Family History of Heart Disease
Heart disease tends to run in families. Genetic factors play some role in high blood pressure, heart disease, and other vascular conditions. Risk factors, including: high blood pressure, diabetes, and obesity may also be passed from one generation to another. However, it is also likely that people with a family history of heart disease share common environments and risk factors that increase their risk.

Contributing risk factors:
. Stress
. Sex Hormones
. Birth Control Pills
. Alcohol

Stress is considered a contributing risk factor for heart disease because its effects on the heart are not completely understood. However, some scientists have noted a relationship between coronary artery disease risk and stress in a person's life, their health behaviors and socioeconomic status. For example, people under stress may overeat, start smoking or smoke more than they otherwise would.

Sex Hormones
Sex hormones appear to play a role in heart disease. Among women younger than 40, heart disease is rare. But between the ages 40 and 65, around the time when most women go through menopause, the chances that a women will have a heart attack greatly increase. Women 65 and older have the same risk of heart disease as men of the same age.

Birth Control Pills
Early types of birth control pills contained high levels of estrogen and progestin.
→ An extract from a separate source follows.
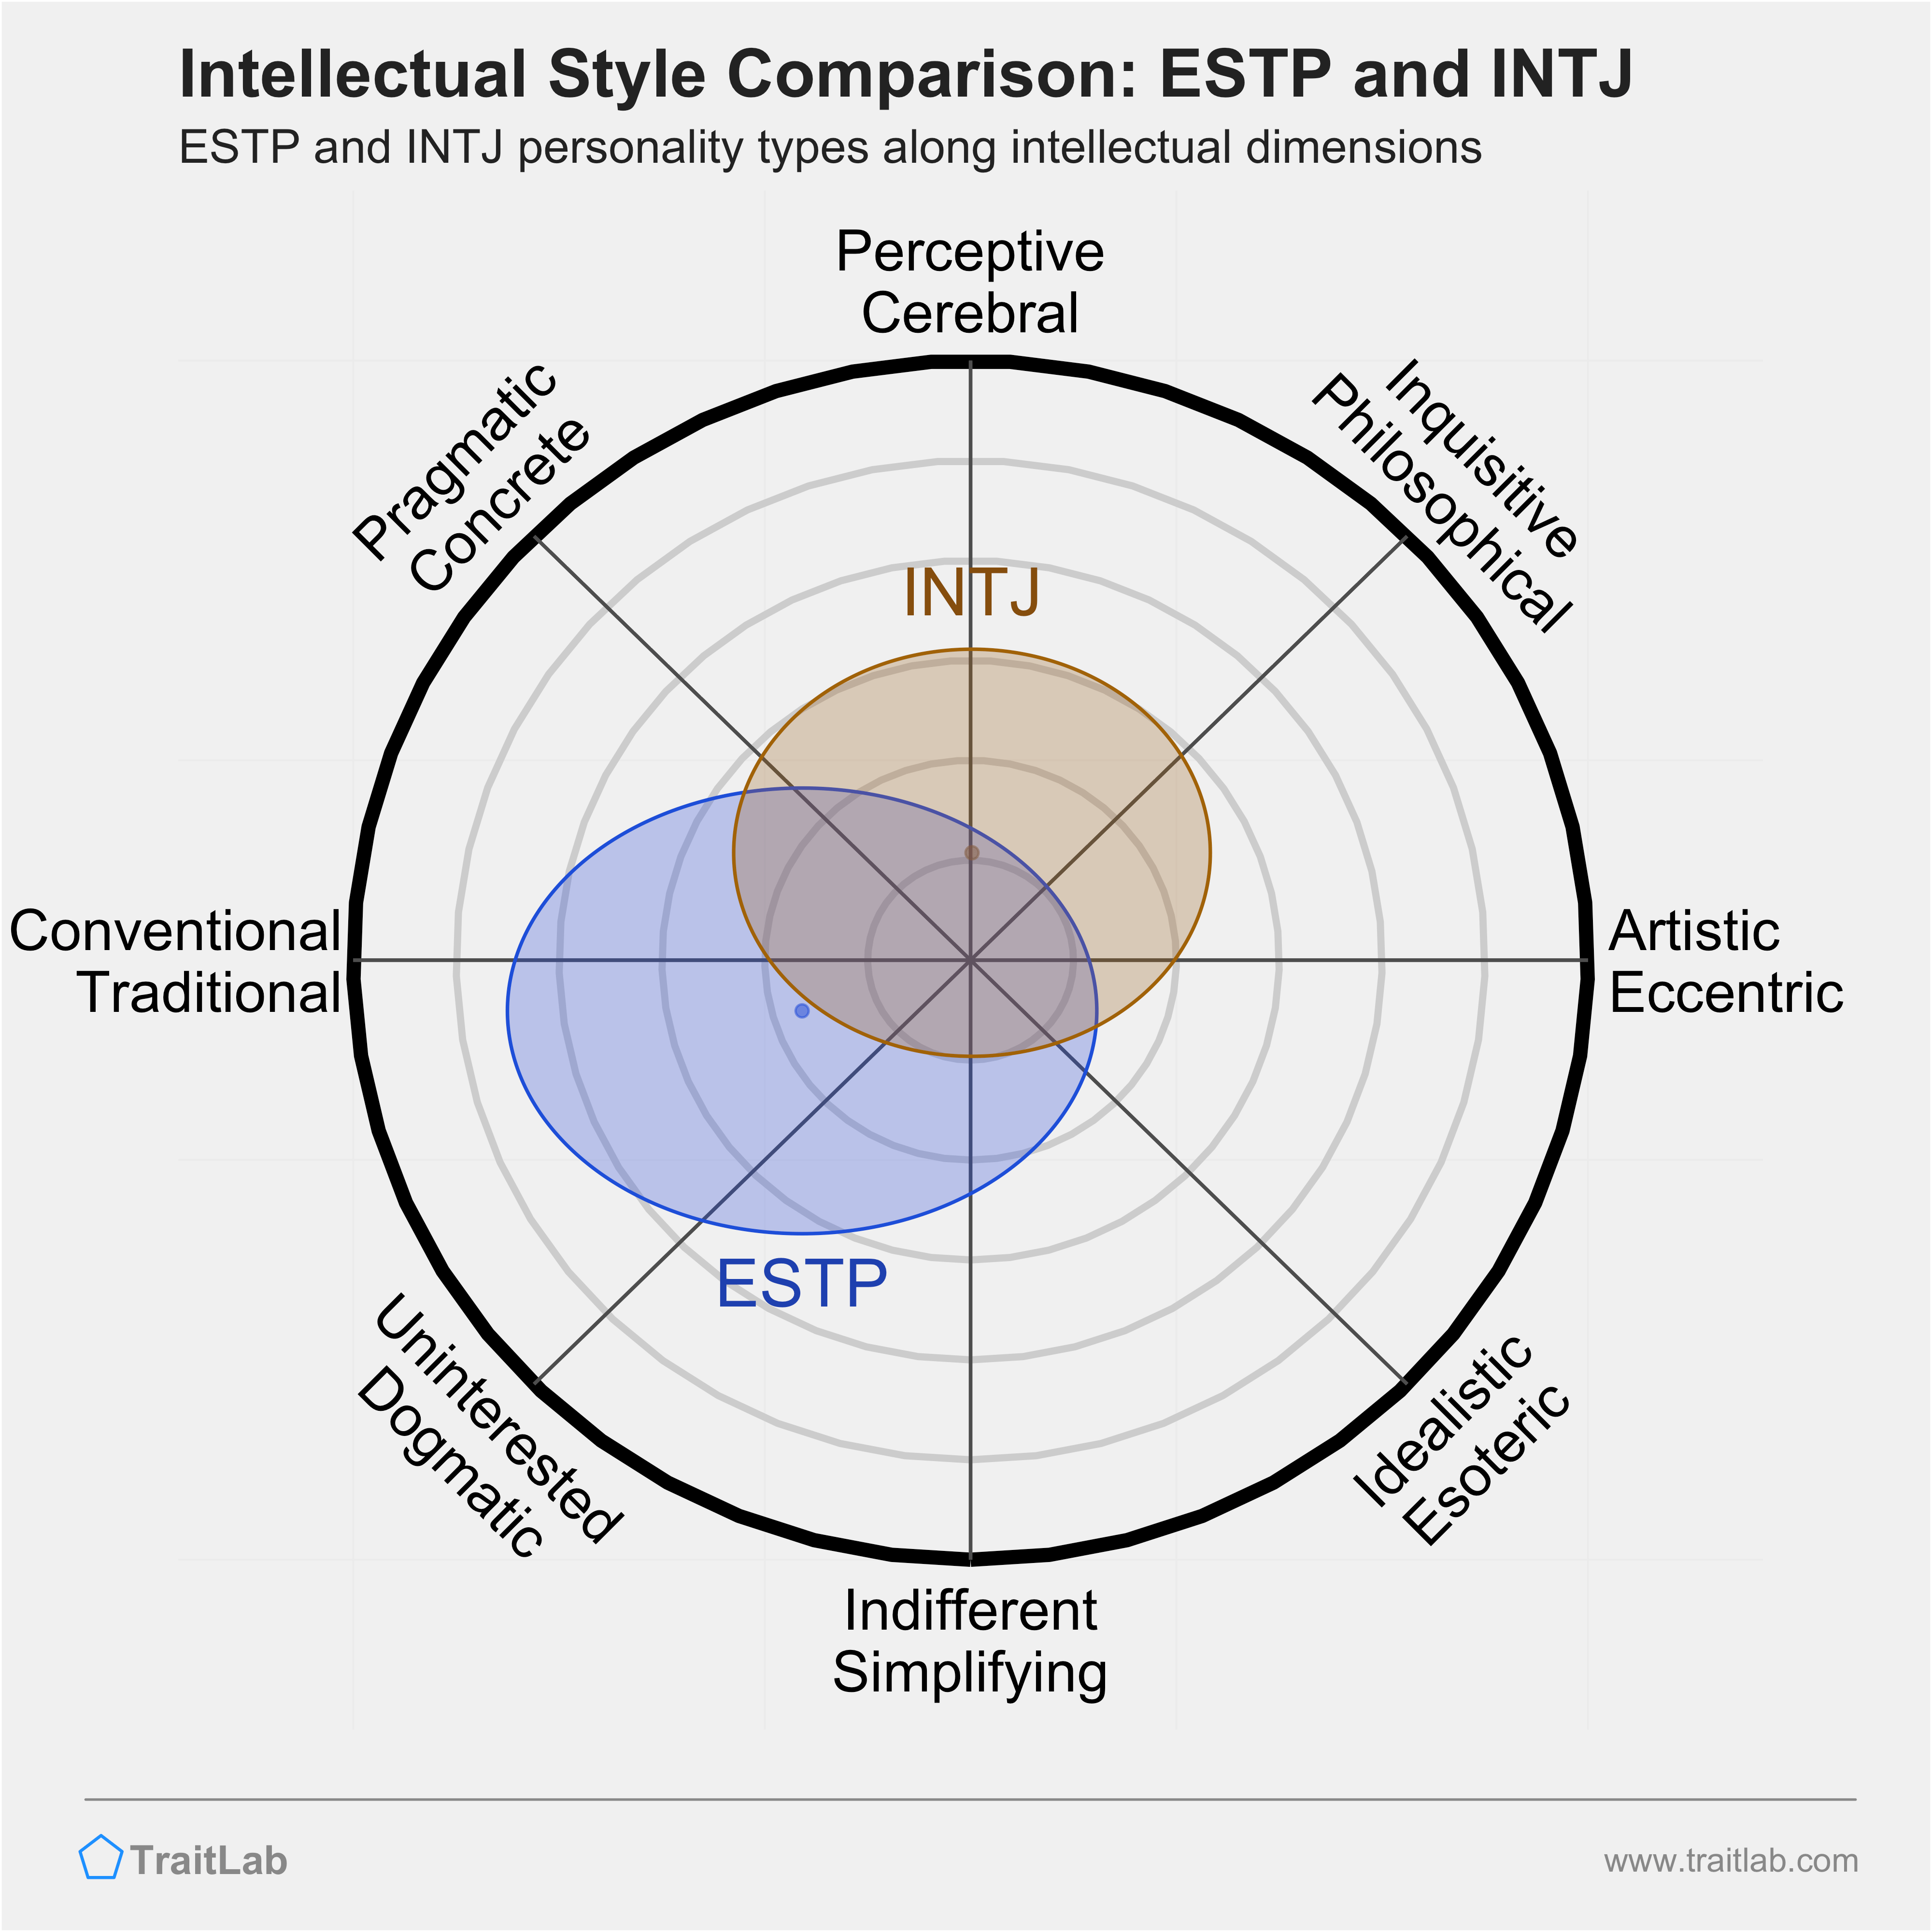 ESTP and INTJ comparison across intellectual dimensions

Taking these pills increased the risk of heart disease and strokes, especially in women older than 35 who smoked. But birth control pills today contain much lower doses of hormones and are considered safe for women younger than 35 who do not have high blood pressure and do not smoke.
But if you smoke or have other risk factors, birth control pills will increase your risk of heart disease and blood clots, especially if you are older than 35. According to the American Heart Association, women who take birth control pills should have yearly check-ups that test blood pressure, triglycerides and blood glucose levels.
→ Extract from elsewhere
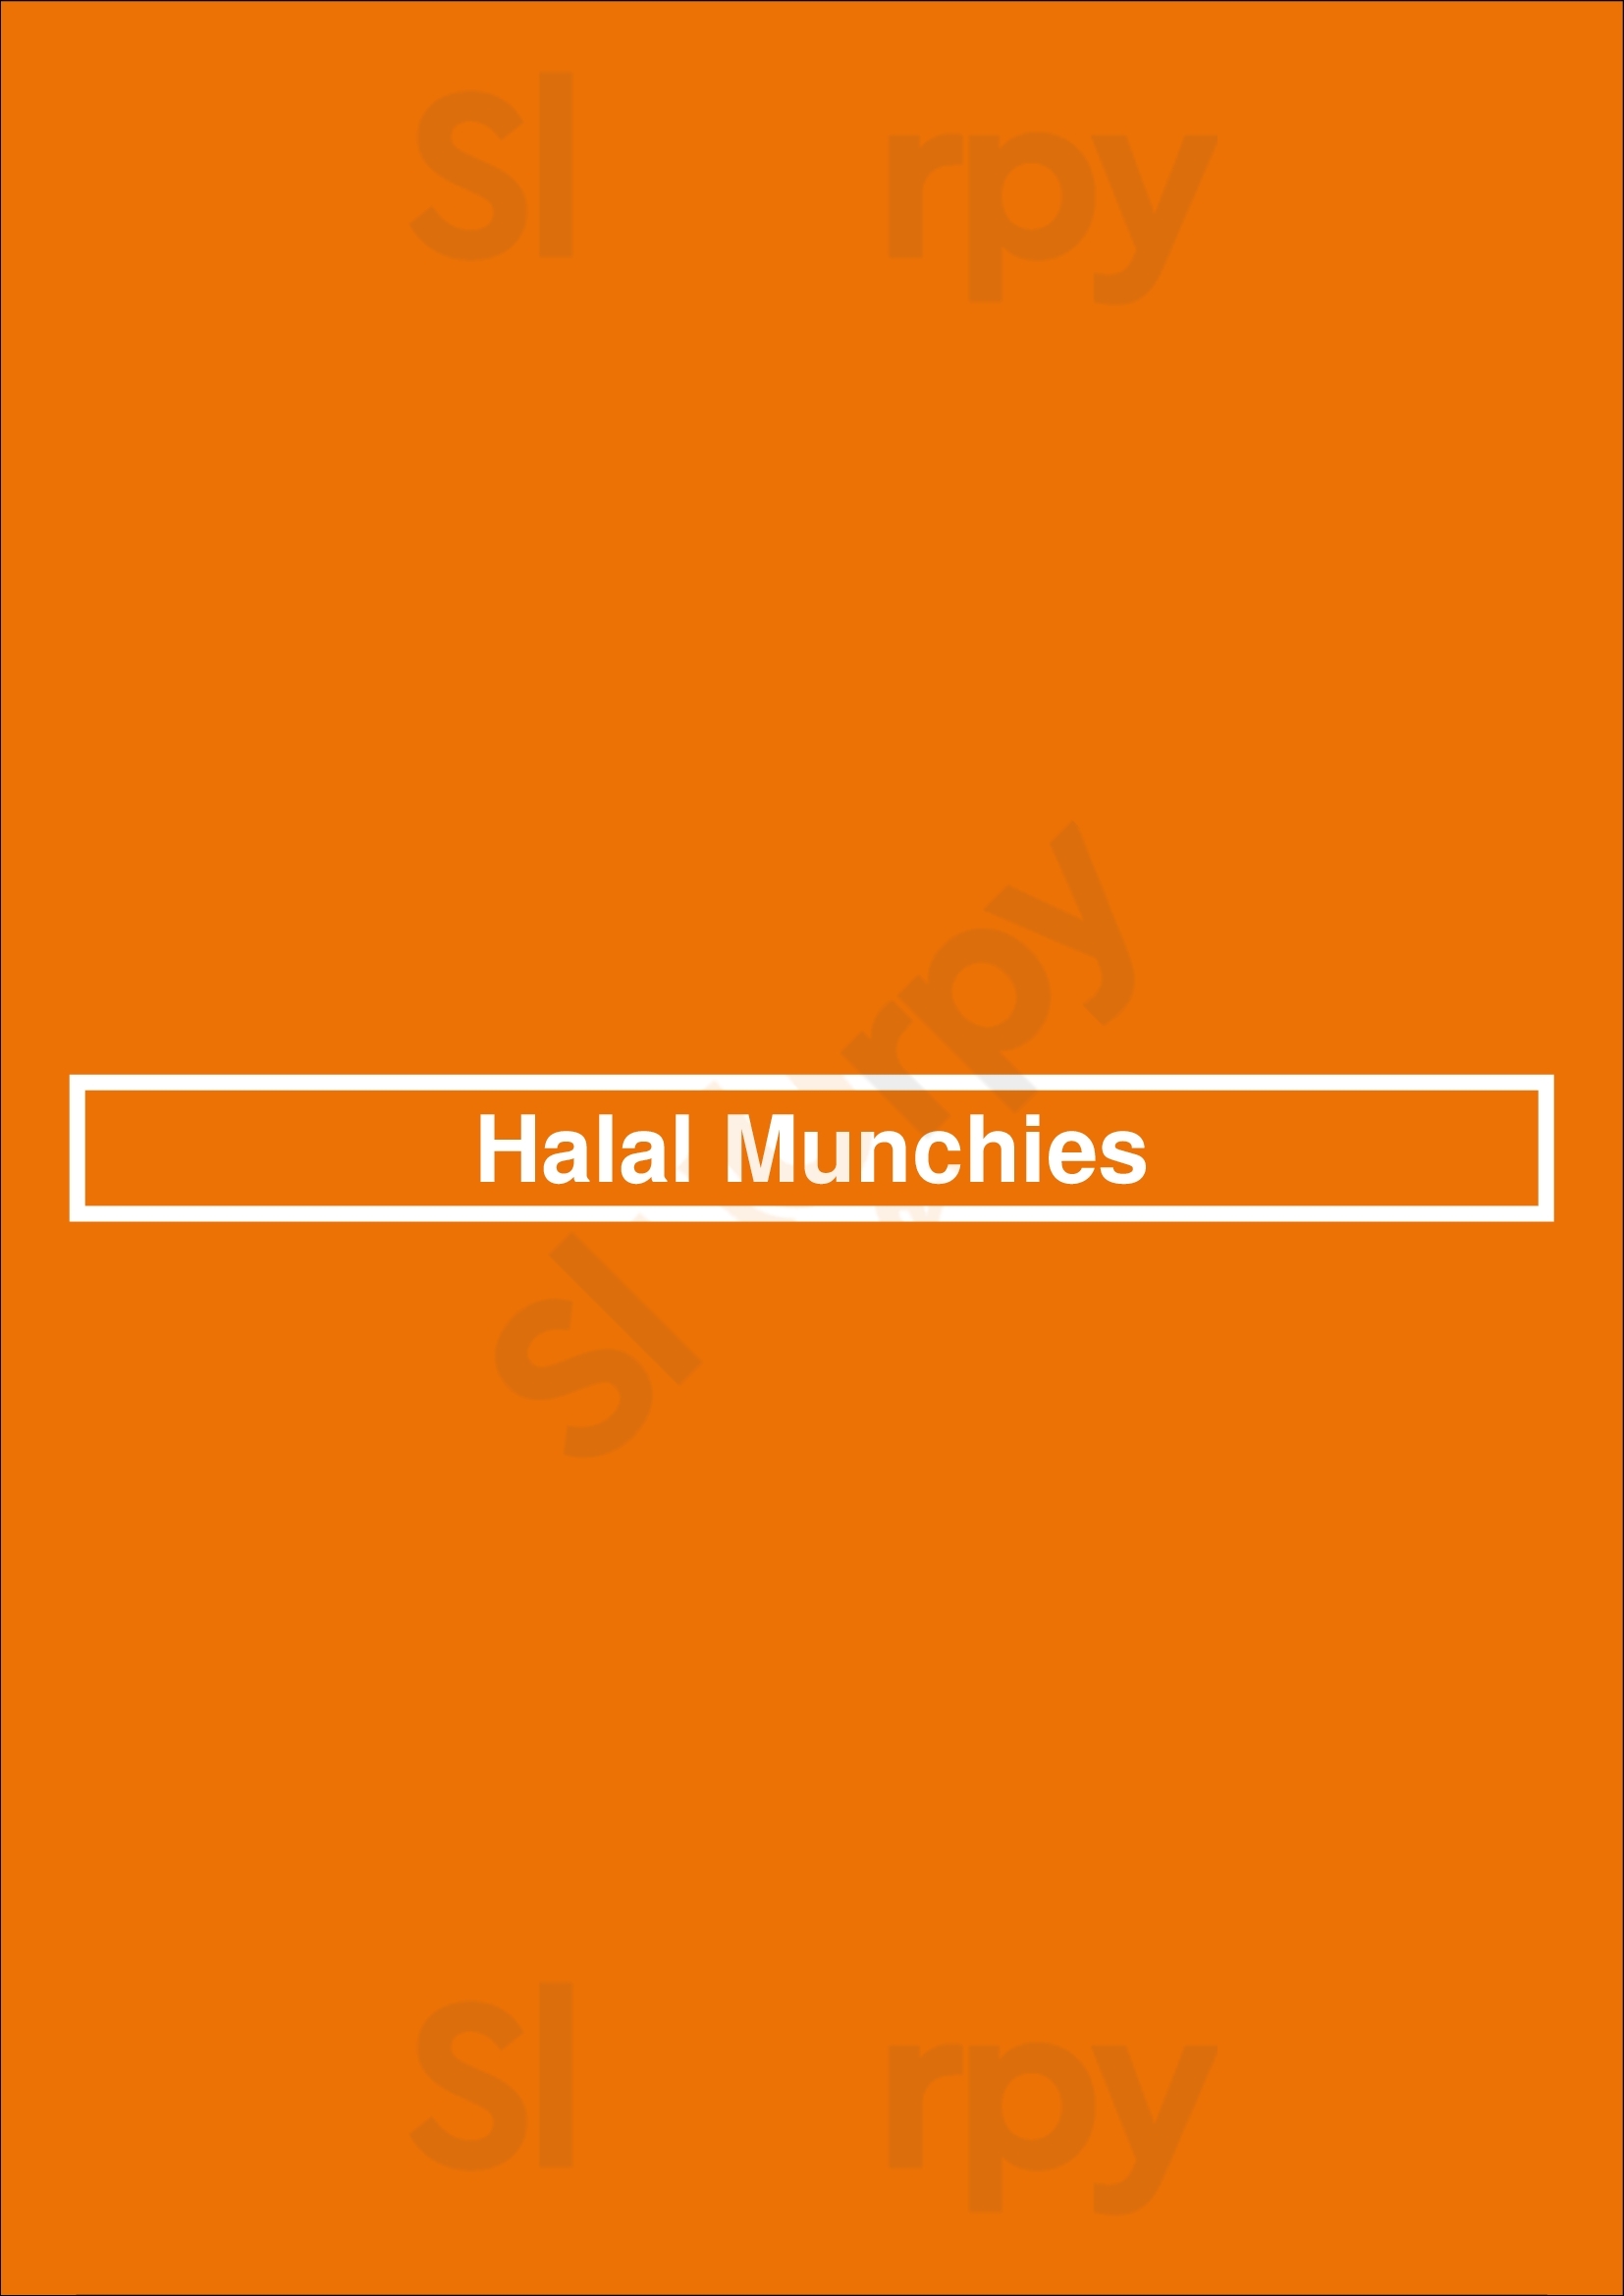 Halal Munchies Astoria Menu - 1

The risk of heart disease in people who drink moderate amounts of alcohol is lower than in nondrinkers. Experts say that moderate intake is an average of one to two drinks per day for men and one drink per day for women. One drink is defined as 1-1/2 fluid ounces (fl oz) of 80-proof spirits (such as bourbon, scotch, vodka, gin, etc.), 1 fl oz of 100-proof spirits, 4 fl oz of wine or 12 fl oz of beer.

But drinking more than a moderate amount of alcohol can cause heart related problems such as high blood pressure, stroke, irregular heart beats, and cardiomyopathy (disease of the heart muscle). It is not recommended that nondrinkers start using alcohol or that drinkers increase the amount that they drink.